Александра Федоровна. Последняя русская императрица - читать онлайн бесплатно полную версию книги . Страница 57

* * *

Знаменитый австрийский ультиматум, предъявленный Сербии, поднес фитиль к бочке с порохом. Все страны Ев­ропы были обеспокоены таким недружелюбным жестом, — стареющий император Франц Иосиф никогда бы его не сде­лал, не осмелился, если бы его к этому лицемерно не под­талкивал кайзер в Берлине.

Министры, собравшиеся в тот день в рабочем кабинете царя, понимали, что этот ультиматум, конечно, задевает и Россию.

Великий князь, генеральный инспектор армии, Николай Николаевич и министр иностранных дел С. Сазонов выра­жали свое возмушение и оба высказывали свое глубокое убеждение: Россия не должна, не имеет права, молча наблю­дать за унижением, которому подвергается маленькая Сер­бия. Нужно выполнять взятые на себя обязательства по ока­занию ей помощи, тем более что германская экспансия в этой славянской стране представляла собой и тысячу других опасностей. Войска Николая подтягивались к австрийской границе. Германии только того и было нужно, хотя это и не было никакой военной провокацией, а лишь мерой предос­торожности, направленной против Австрии, чтобы немед­ленно прийти на помощь союзнику, если против него будет совершено нападение.
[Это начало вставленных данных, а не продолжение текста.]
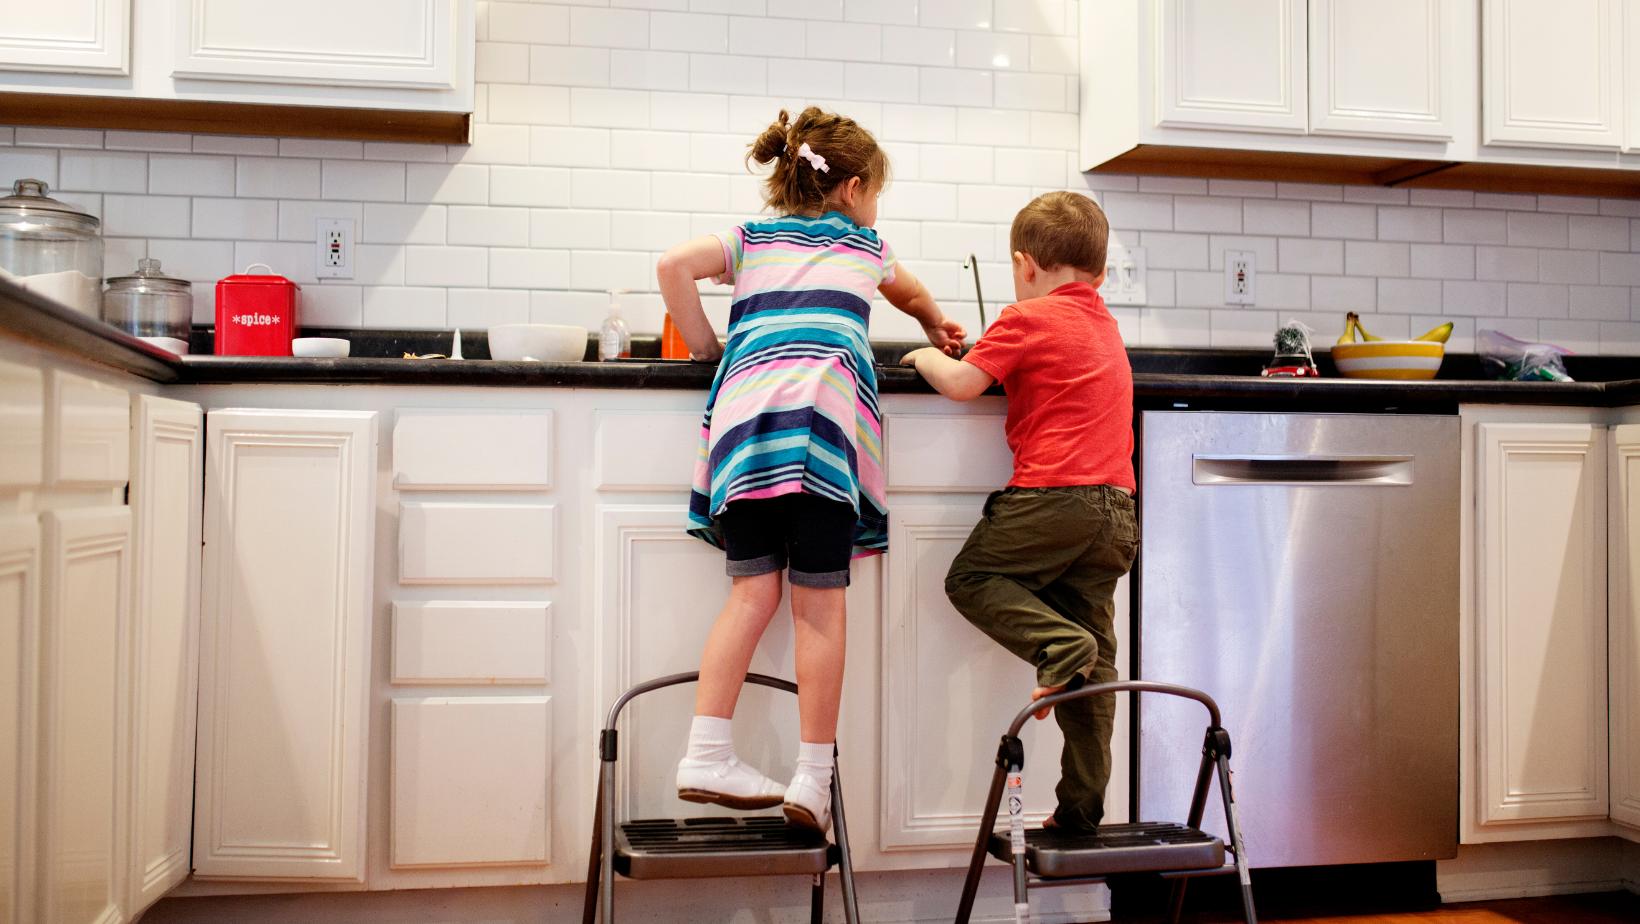 Mutfakta yardım eden çocuklar
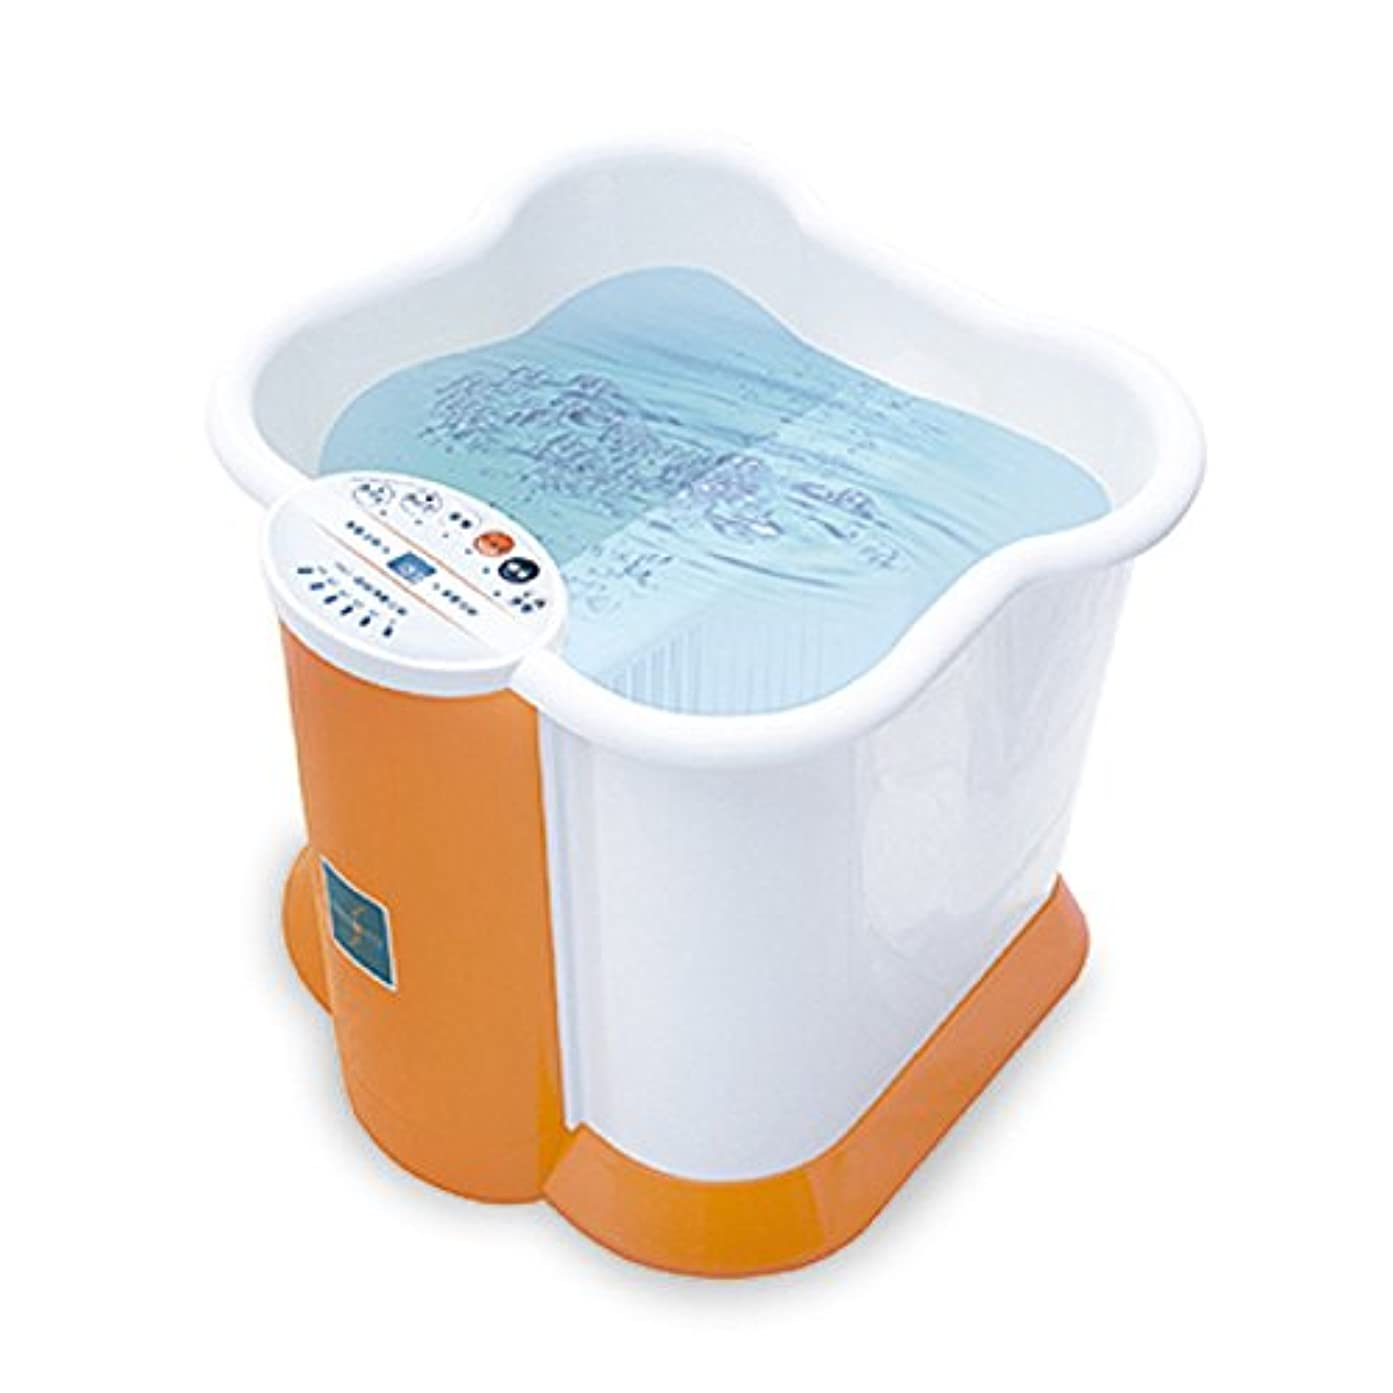 宿四回抵当深型 足湯 フットバス Ashiyu foot Spa KS-N1010 保温 バブル

Царь писал матери: «Если на нас не нападут, мы не ста­нем ввязываться в драку. Совершенно ясно, что Россия пока не готова к войне».

Наладменный Вильгельм захлопывал все двери дипло­матии. Коварный германский император ночью 30 июля прислал царю такую телеграмму: «Только ты можешь спас­ти мир в Европе, если остановишь свои военные приготов­ления».

В полдень, 1 августа Германия объявила о всеобщей мо­билизации. Николай направил в Берлин свою последнюю депешу:

«Я понимаю, что ты вынужден провести мобилизацию, но мне хотелось бы получить от тебя гарантии, какие я дал сам, что эти меры не означают войны и что мы будет про­должать вести переговоры о сохранении мира, стольдоро­гого для наших с тобой сердец. С Божьей помощью наша долгая и испытанная дружба способна предотвратить кро- вопролитие. С надеждой жду твоего ответа. Ники».

Но в пять часов пополудни германский посол граф Пур- талес вручил Сазонову ноту об объявлении войны.

Все, жребий брошен!

Императрица с самого начала возникшего кризиса убеж­дала мужа в вероломстве и коварстве Вильгельма. Она слиш­ком хорошо его знала, презирала его, и все те плохо инфор­мированные люди, которые говорили о ее «прогерманских симпатиях» жестоко ошибались.

В то время, когда уже были начаты боевые действия, а германский посол находился на пути в Берлин, Николай получил еще одну телеграмму от Вильгельма: «Прикажи сво­им войскам ни при каких обстоятельствах не нарушить на­ших границ и тогда сможешь сохранить мир. Вилли».

И эта телеграмма была получена спустя шесть часов пос­ле начала боевых действий. Поздно ночью Александра с Николаем в его кабинете возмущались действиями кузена.

Императрица спросила:

— Ты, конечно, не будешь отвечать на такое предатель­ство, Ники?

— Конечно, нет!

— Он был всегда нам врагом. Твое благородство всегда выводило его из себя. Ведь не ты вверг всю Европу в это бе­зумие, это его рук дело!

2 августа 1914 года в Зимнем дворце царь официально объявил о начале войны с Германией.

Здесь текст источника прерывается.